Mitochondria are tiny structures within cells, which play a critical role in cellular energy production and metabolism. When these 'powerhouses' malfunction, it can result in chronic illness.
Mitochondrial diseases are a group of genetic disorders that cause damage to cells and tissues in the body and affect up to 1 in 4300 people in the UK. There are currently no preventative treatments for mitochondrial diseases.
Extensive evidence from animal and clinical studies also suggests that defective mitochondria play a critical role in other neurodegenerative diseases, including Alzheimer's and Parkinson's disease.
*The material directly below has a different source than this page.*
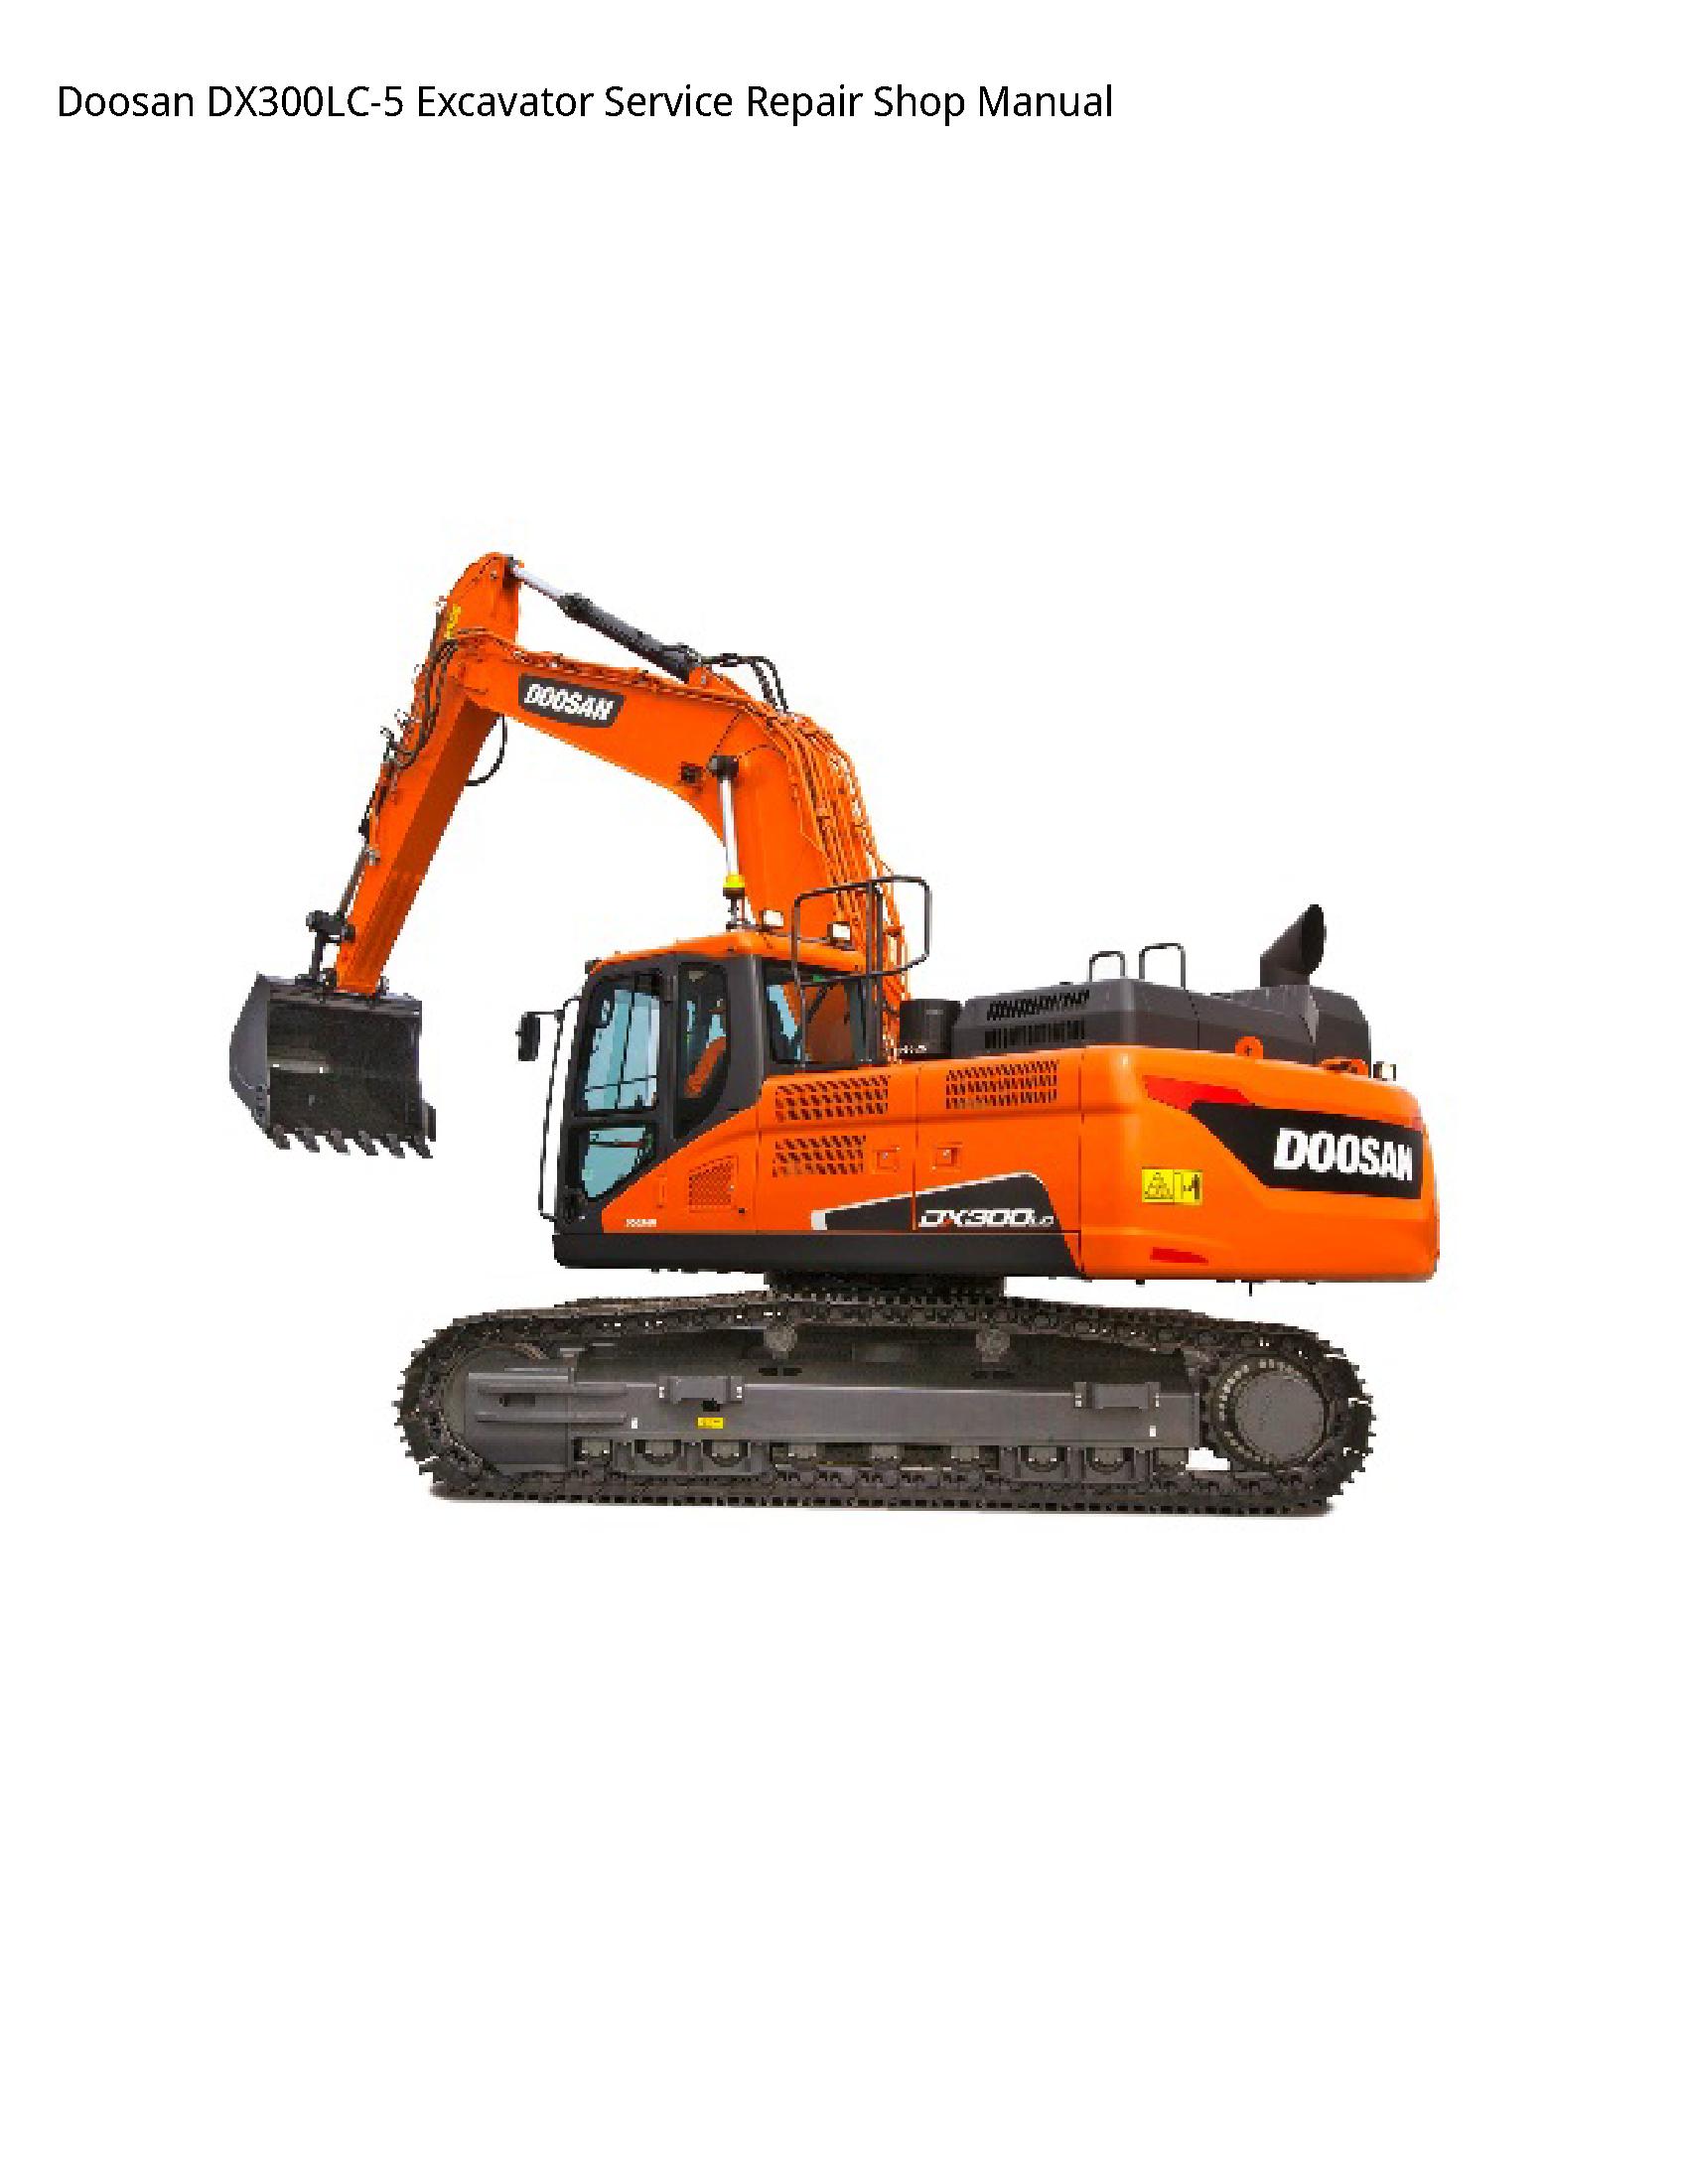 Doosan DX300LC-5 Excavator manual

We are interested in how mitochondria communicate with the surrounding nerve cell, through 'mitochondrial signalling'. We and others have shown that when nerve cells are stressed or damaged, as happens in neurodegenerative disease, mitochondrial signalling pathways are activated.
Excitingly, we can target these pathways to improve the function of nerves, suggesting that targeting mitochondrial signalling pathways might be a way to treat and prevent mitochondrial disease and neurodegenerative diseases such as Alzheimer's and Parkinson's disease.
mTOR, or mechanistic target of rapamycin, is a large protein kinase and a crucial sensor of cellular anabolic processes. mTOR signalling regulates a wide variety of cellular functions, including growth control, mitochondrial function, autophagy and lipid synthesis.
Activation of mTOR signalling also causes neurological diseases associated with epilepsy, autism spectrum disorders and intellectual disability.
We are interested in understanding the role of mTOR in nervous system development and how activation of mTOR signalling causes neurological disease.
In the long term, understanding how mTOR contributes to neurological disease will lead to new treatments for these devastating diseases.